There must be some kind of explanation why the weather is crazy nowadays. For instance, here, the rainy days have long been delayed. At a time when the country is usually struck with a number of tropical storms already, the weather is still hot and humid. In other parts of the globe, people are dying of flashfloods when we are suffering from drought. Talk about weird weather.

Not really.

Scientists have alerted governments around the world of the thinning ice caps – a clear indication of Global Warming. The sea level is rising and global temperatures are steadily climbing. This phenomenon is caused by the increase of “greenhouse” gases that traps heat in the atmosphere. The most common of these gases is carbon dioxide. The levels of this gas have considerably increased since the pre-industrial period. Since global warming is unnatural, the environment is behaving just as rationally as it is agitated, thus, the oddities of weather occurrences around the globe.

One can then easily surmise that the ultimate cause of global warming is industrialization. However, industrialization is not at all bad. It’s a natural process taken by mankind on the road to development. So let me qualify that previous statement. One must be able to surmise that the ultimate cause of global warming is reckless industrialization.

It is too sad that we are one of the first signatories of the Kyoto Protocol aimed to take an active stance on climate change yet we are one of the last to abide by its principles. We are no better, maybe even worse, than the United States who did not sign the treaty at all. Ironic? No, it’s hypocrisy.

The reason why the US did not sign the treaty is that, in agreeing to actively reduce carbon dioxide emissions in the atmosphere, this industrialized nation will have to look for more expensive sources of energy other than the cheaper fossil fuels whose combustion by-product is carbon dioxide. In so doing, its industrial operations will be adversely affected. Operational costs will soar. Prices of goods and commodities will increase. Consumption will decrease. The economy, the biggest in the world, will slow down. So, they might be thinking, why compromise its global economic position when it can let the rest of the nations tackle global warming and it will just be business as usual for them. Let’s take a minute and pray that a hole in the ozone layer will open up over the White House and over the US Congress.

If our government can not impose laws that will protect the environment and avert a “Day After Tomorrow” scenario, then we should at least do our part. There are a lot of simple things we can do to save the environment: refuse stores to wrap your goods in plastic, recycle office paper, do away with styrocups that stay in the environment for over 500 years, plant trees. Being an environmentalist myself, I remember once in a fastfood joint asking the manager why they still serve meals in styro containers. During my stint in my former employer, I even conducted a study on office resource consumption and found out that we were consuming about 187,000 styrocups a year! Imagine that.

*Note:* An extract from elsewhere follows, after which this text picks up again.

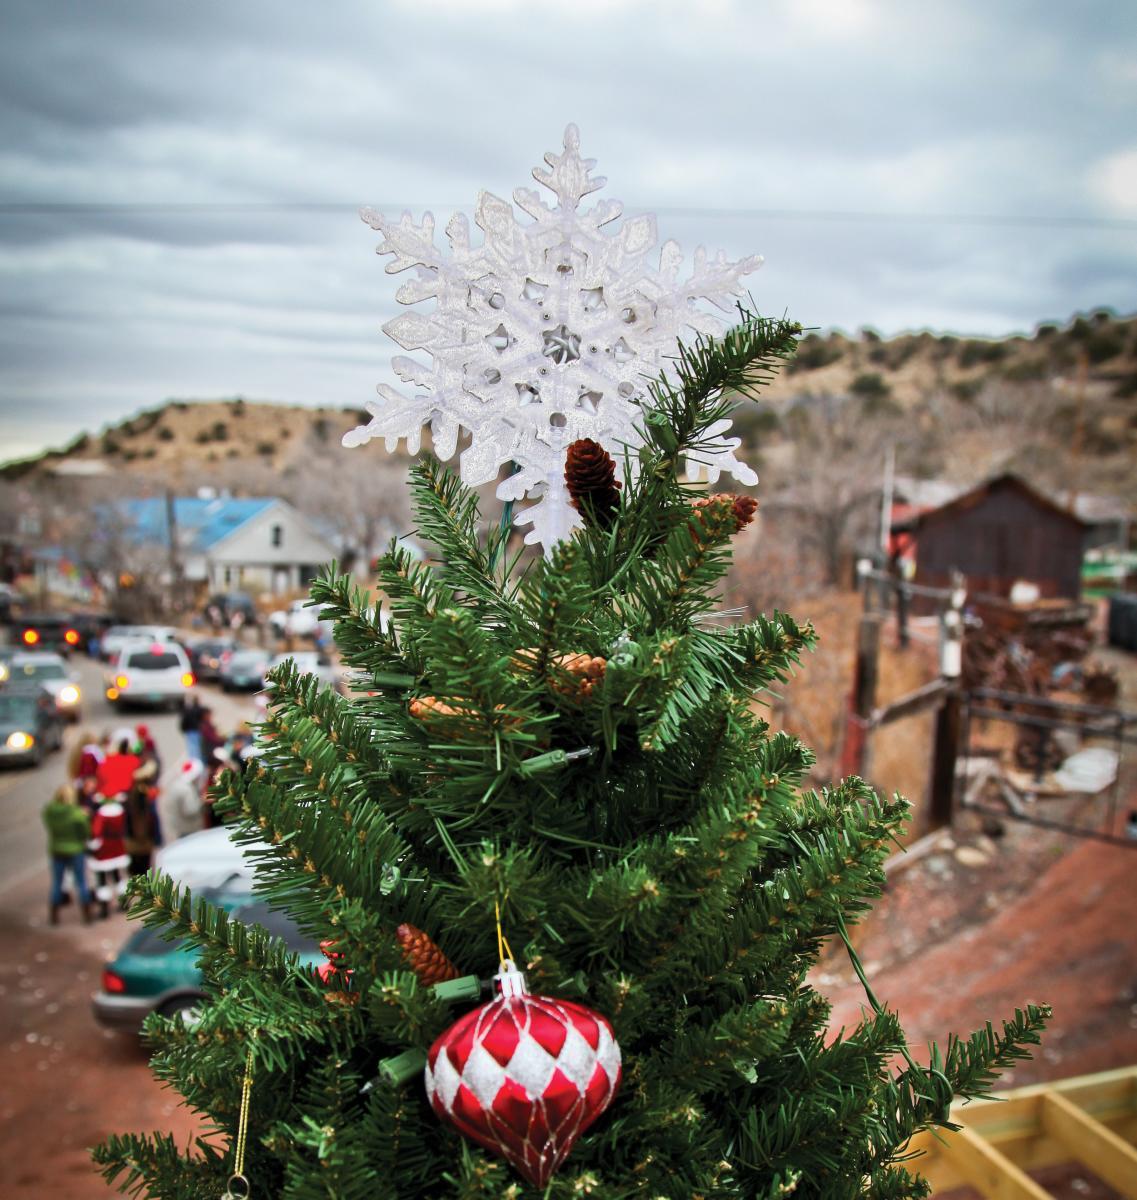 The tree at the Madrid Christmas parade

One of my findings in that study is that styro containers lose weight after use. Meaning, part of it goes into your body. Polystyrene, which dissolves with heat, is taken in together with your hot drink or meal. Try having your fat tissues tested for trace and you’ll find out you have traces of this chemical in your body. In considerable amounts, this causes damage to the nervous system. So are you feeling a little twitchy lately?

The environment is where we get our food, the energy we need to go on with our daily activities, fuels for our cars and power plants. It is where we get the air we breath. It sustains life and it is where we live. But at the pace we’re going, we’re devouring it, chunk by chunk. We are living on it rather than living in it. There is not another earth within the nearest galaxy. So we might as well take care of it. Let’s not wait until hell literally freezes over before we do something.

If each of us can plant even one tree in our lifetime, then all of us would have planted 8 billion trees for the next generation. When one asks you “why are your nails dirty?” Wouldn’t it be nice to answer “Coz I planted a tree for you.”